SUPPLIED RECORDS:
━━━━━━━━━━━━━━━━━━━━

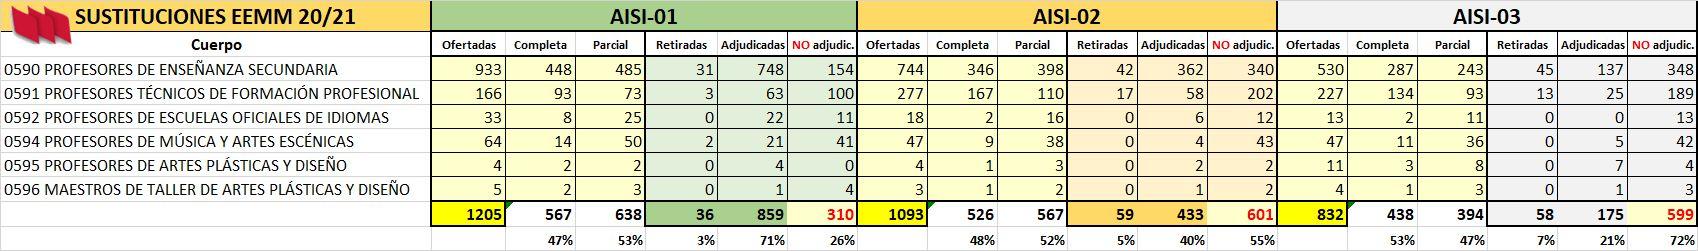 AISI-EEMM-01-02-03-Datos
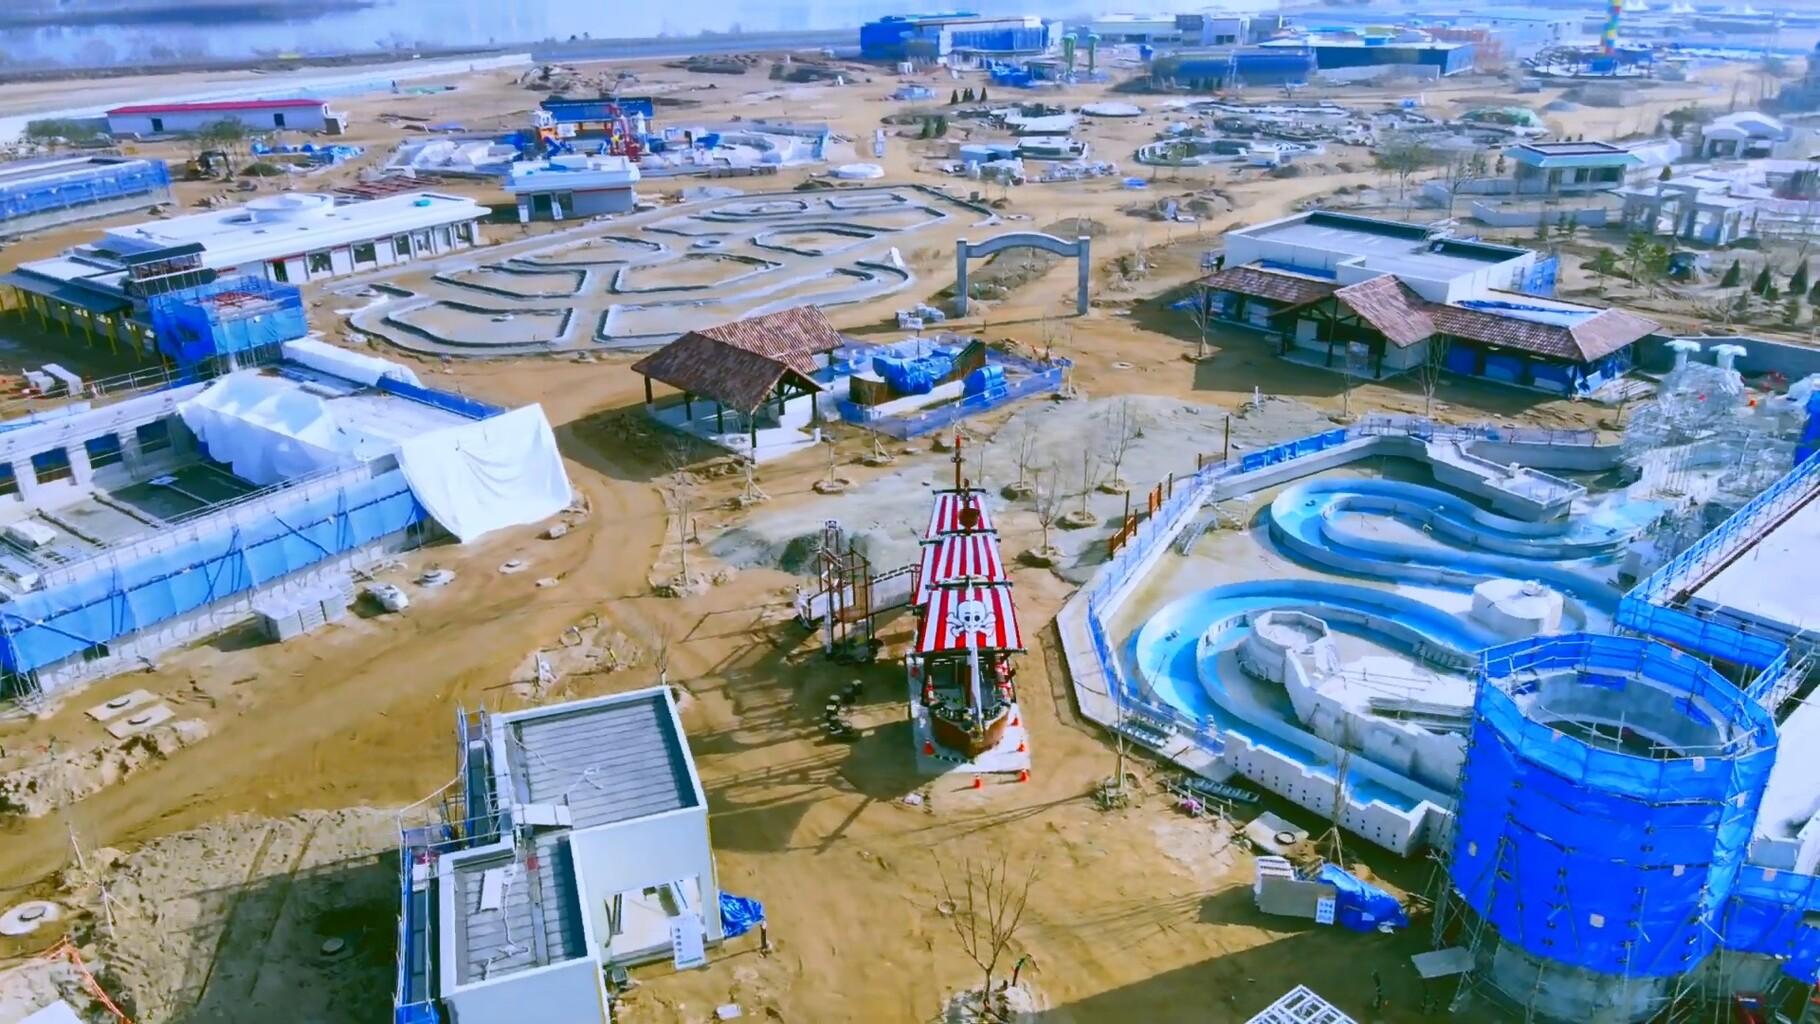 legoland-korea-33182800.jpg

━━━━━━━━━━━━━━━━━━━━

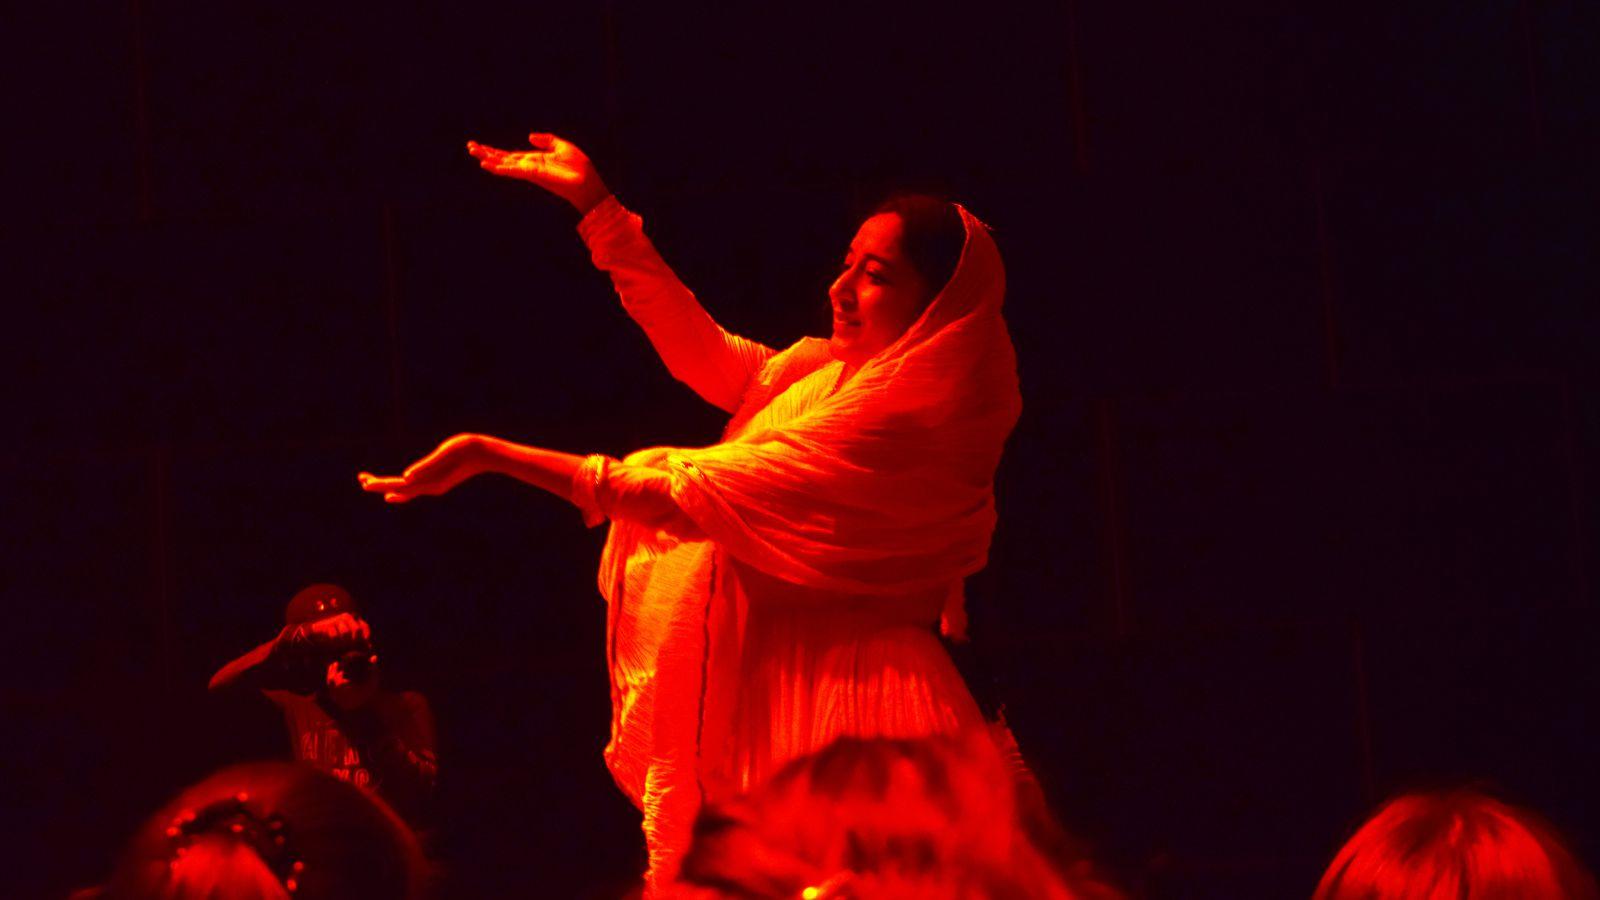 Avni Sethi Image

━━━━━━━━━━━━━━━━━━━━

DIRECTIONS FOR THIS TASK: Within the listing above, find the line containing "AISI-EEMM-01-02-03-Datos" and the line containing "legoland-korea-33182800.jpg". Transcribe them and everything between them exactly, leaving out the pictures.

ANSWER TO THIS PROBLEM:
 AISI-EEMM-01-02-03-Datos
 legoland-korea-33182800.jpg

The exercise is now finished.